▶ DIRECTIONS FOR THIS TASK:
Reproduce precisely the lines of the listing below, starting with the line that contains "Lots of Turkey" and stopping after the line that contains "xactengine2_4.dll 文件丢失？。 适用于"; include nothing else.

▶ RECORDS FOR PROCESSING:
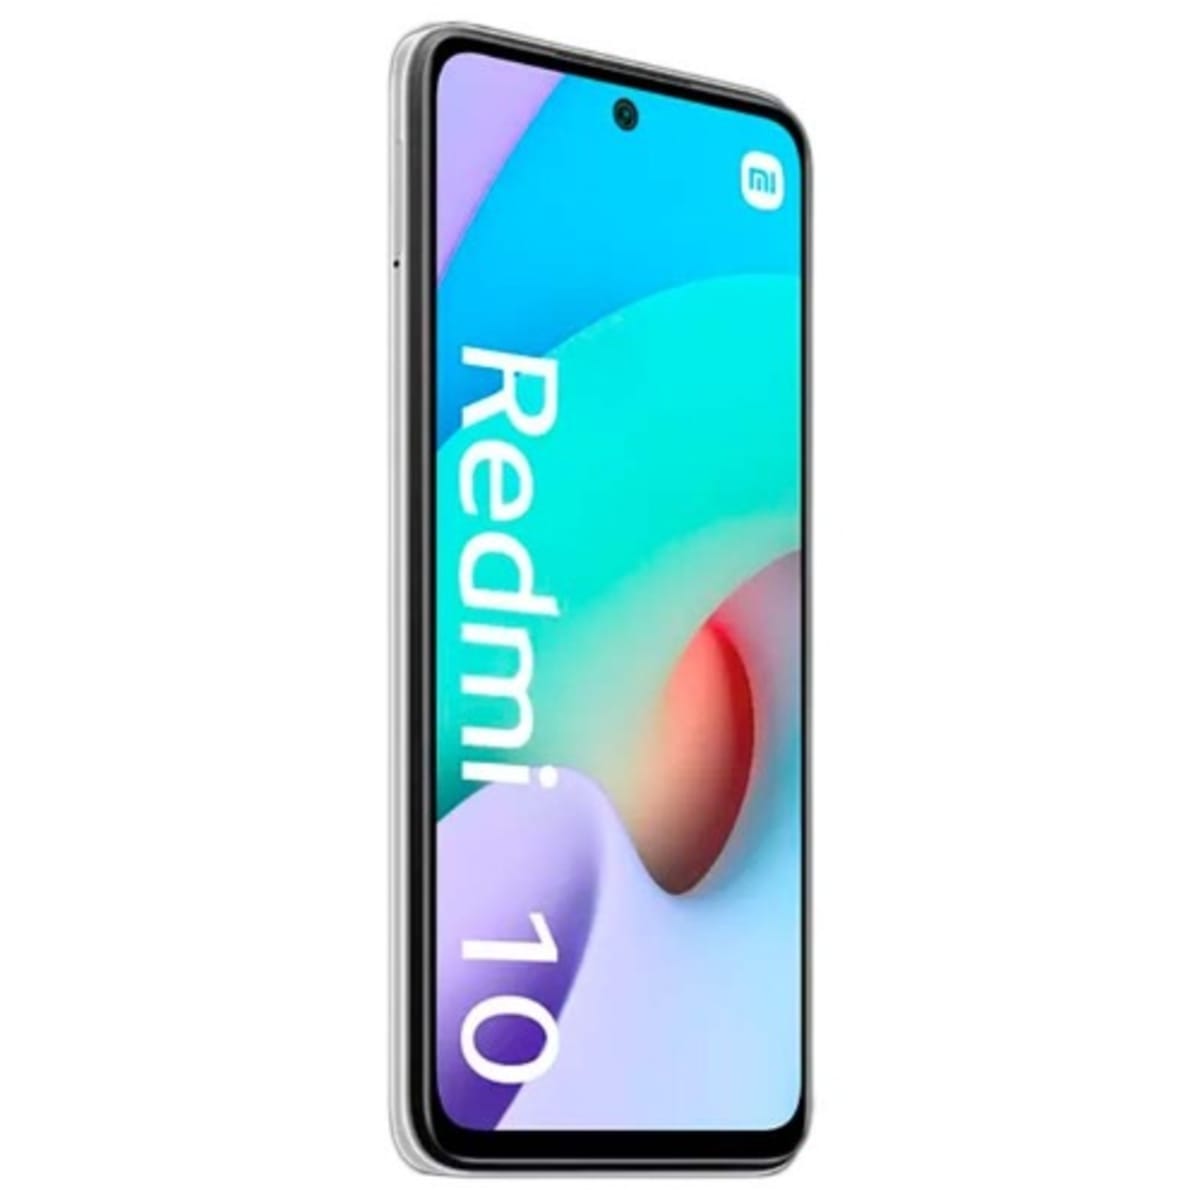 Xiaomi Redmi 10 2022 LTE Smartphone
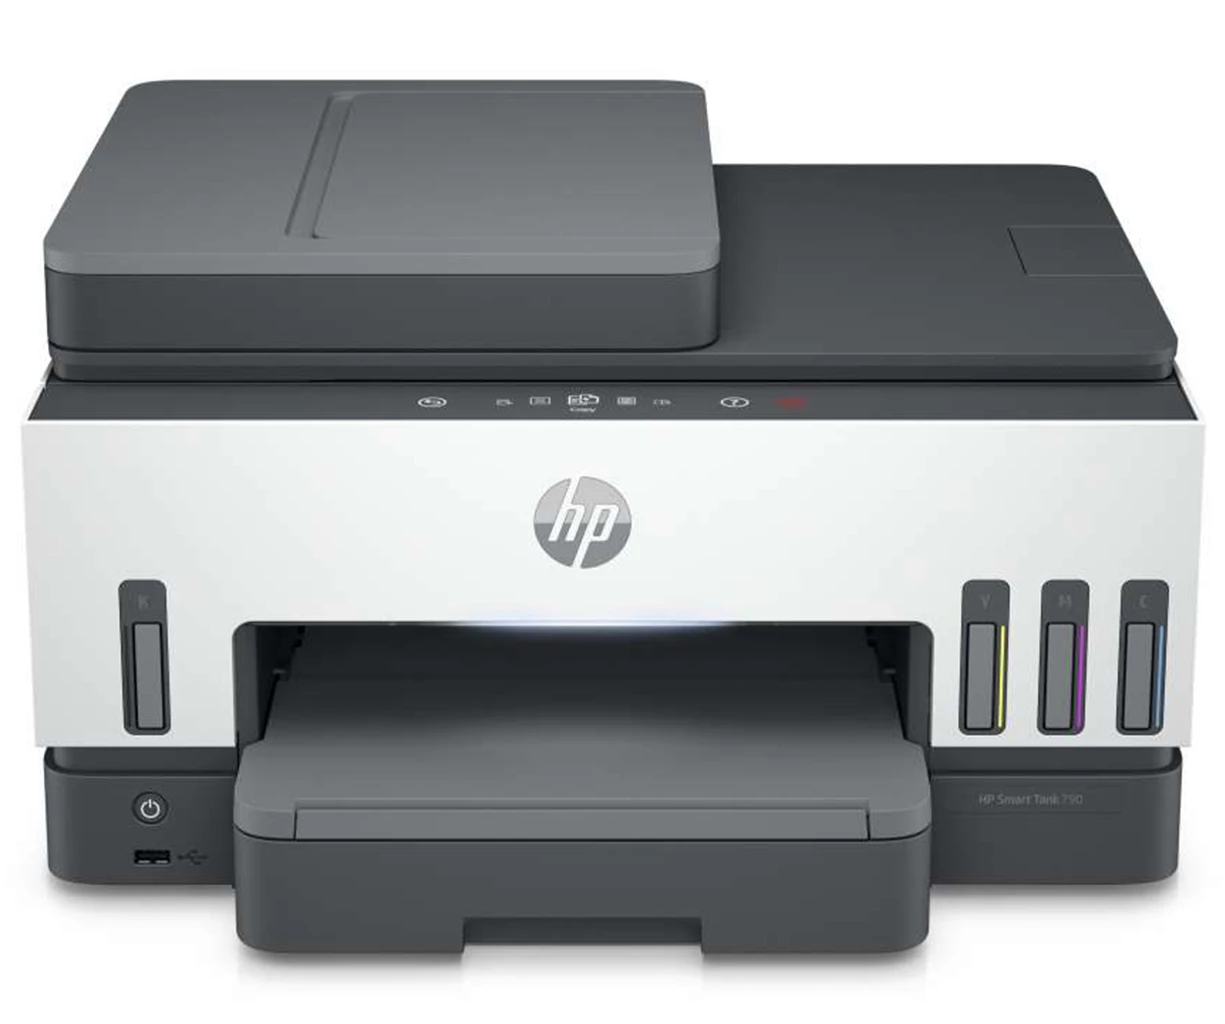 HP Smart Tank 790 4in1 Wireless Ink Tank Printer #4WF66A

...

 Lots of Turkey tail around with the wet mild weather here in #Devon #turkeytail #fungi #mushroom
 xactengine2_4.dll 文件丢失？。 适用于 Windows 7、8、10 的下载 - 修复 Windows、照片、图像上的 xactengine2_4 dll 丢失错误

...

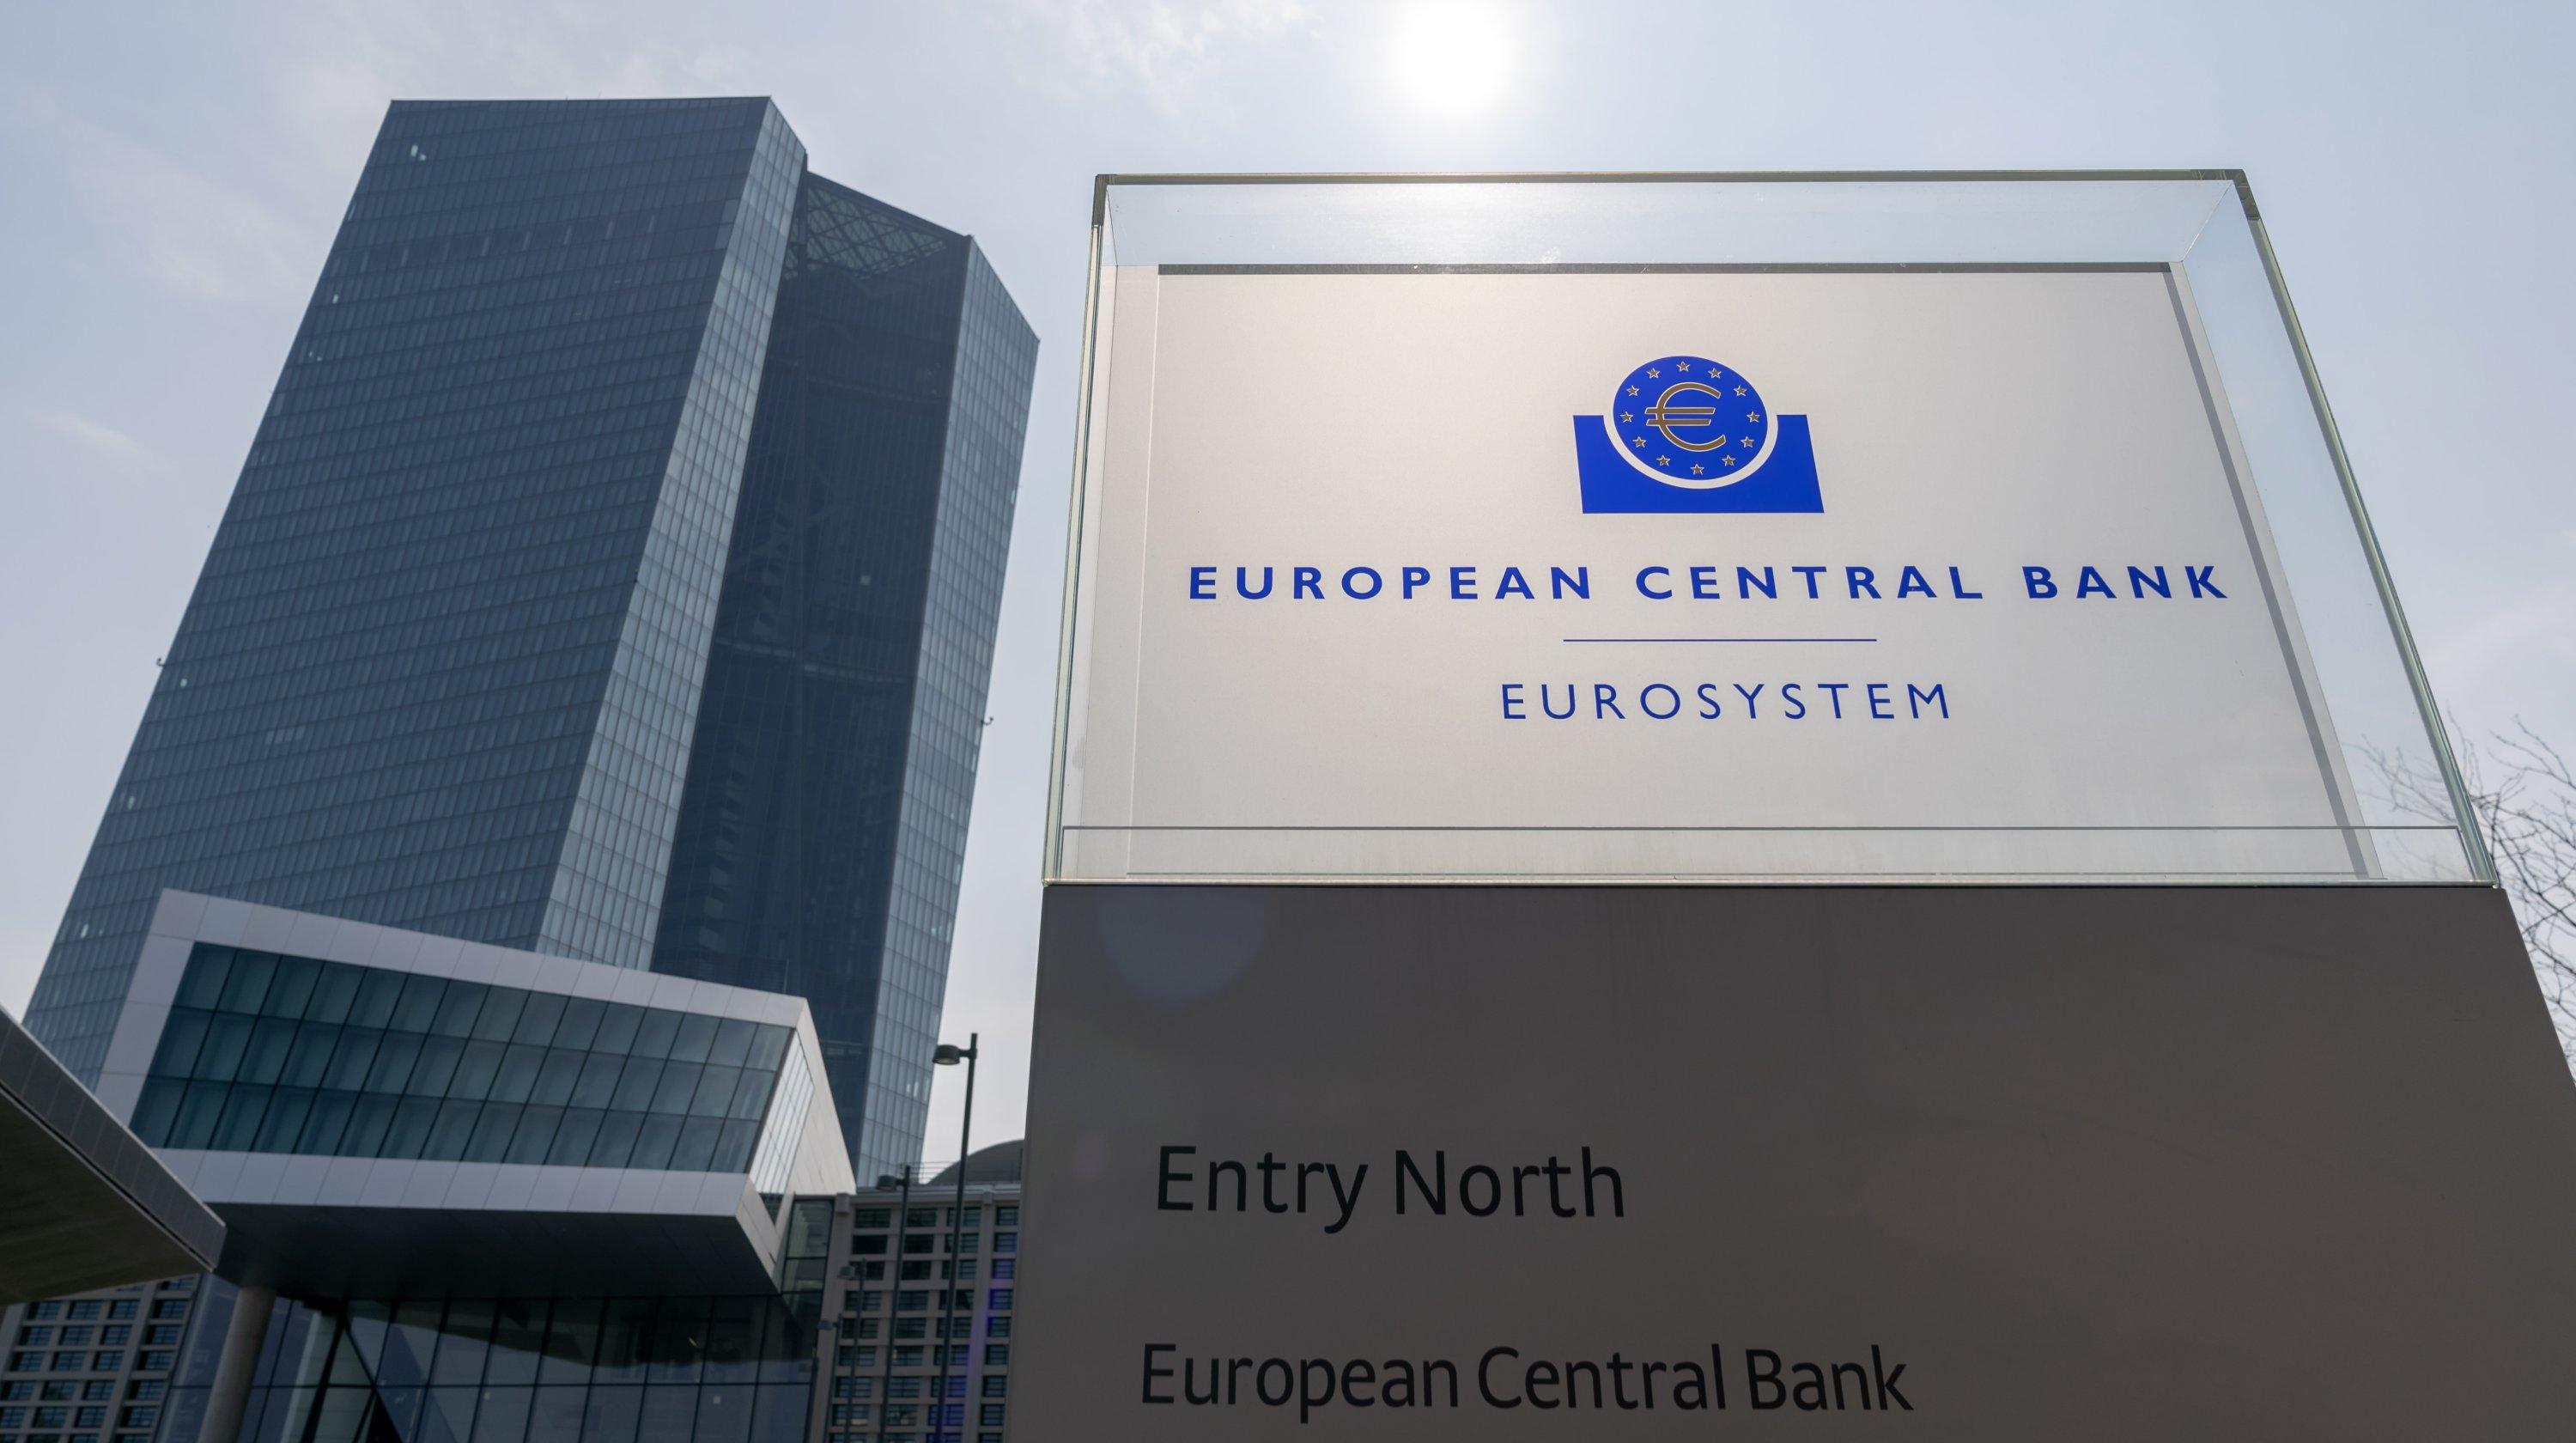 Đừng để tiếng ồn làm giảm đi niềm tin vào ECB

▶ REPLY TO THE EXERCISE:
 Lots of Turkey tail around with the wet mild weather here in #Devon #turkeytail #fungi #mushroom
 xactengine2_4.dll 文件丢失？。 适用于 Windows 7、8、10 的下载 - 修复 Windows、照片、图像上的 xactengine2_4 dll 丢失错误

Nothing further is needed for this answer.